Perhaps you're right, Les. Certainly, HP should fix things like that.
However, in all practical situations, that's a very small "bug". Especially, since you're aware of the bug, in a manual calculation, you can see you're about to hit the COS bug.
In a program, you could (if you really felt you needed to) program around it.
Maybe it's just me. I don't imagine people are taking cosines of angles that are nearly 90 degrees often enough where five digit precision is not enough.
Again, I wish HP had fixed this bug, but complex machines are often tough to have bug free. And, given that today HP has only a handful of people even in their calculator division compared to hundreds at earlier times (aka 15c heyday), it seems they do pretty good to me.
Just depends on what you mean by "unacceptably buggy". Are you using any version of Windows? Why? It has bugs that can crash the machine and give loss of data. :-)
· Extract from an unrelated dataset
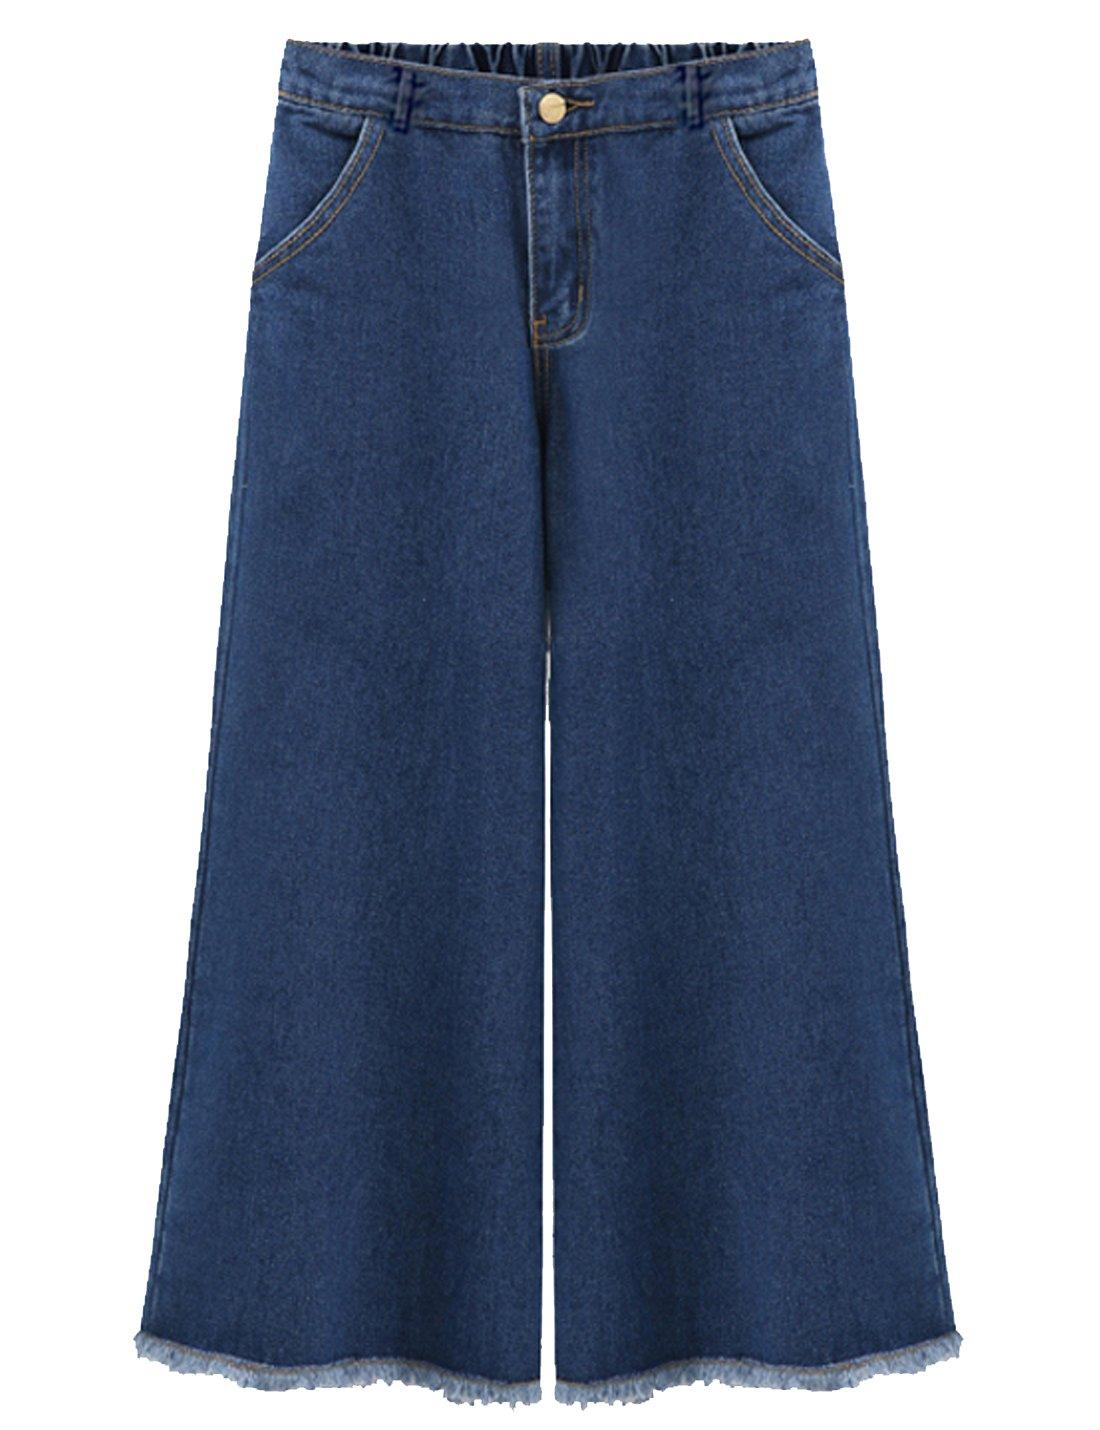 Flygo Women's Elastic Waist Wide Leg Frayed Hem Denim Cropped Jeans Pants (18W-20W, Dark Blue)

You mention that you carry the 11c with you (a favorite of mine). But it has at least one bug in it too, depending on the date of the unit.
From [url]http://www.finseth.com/hpdata/hp11c.html[/url]
"HP did acknowlege a bug in the 11C, but never released a ROM version
which corrected this (I don't know why this popped into my brain last
nite after lying dormant for several years).
If you are entering a number with a decimal point, and then use the
back-arrow key to erase any (and all) digits to the right of the
decimal point AND erase the decimal point, the magnitude of the
integer portion of the number will be incremented by 1 when the ENTER
key is pressed.
For example,
1 1 . <- ENTER
should put 11 in the X-register, but 12 is entered instead.
Another example,
2 . 3 4 CHS <- <- <- ENTER
will put -3 in the X-register instead of -2.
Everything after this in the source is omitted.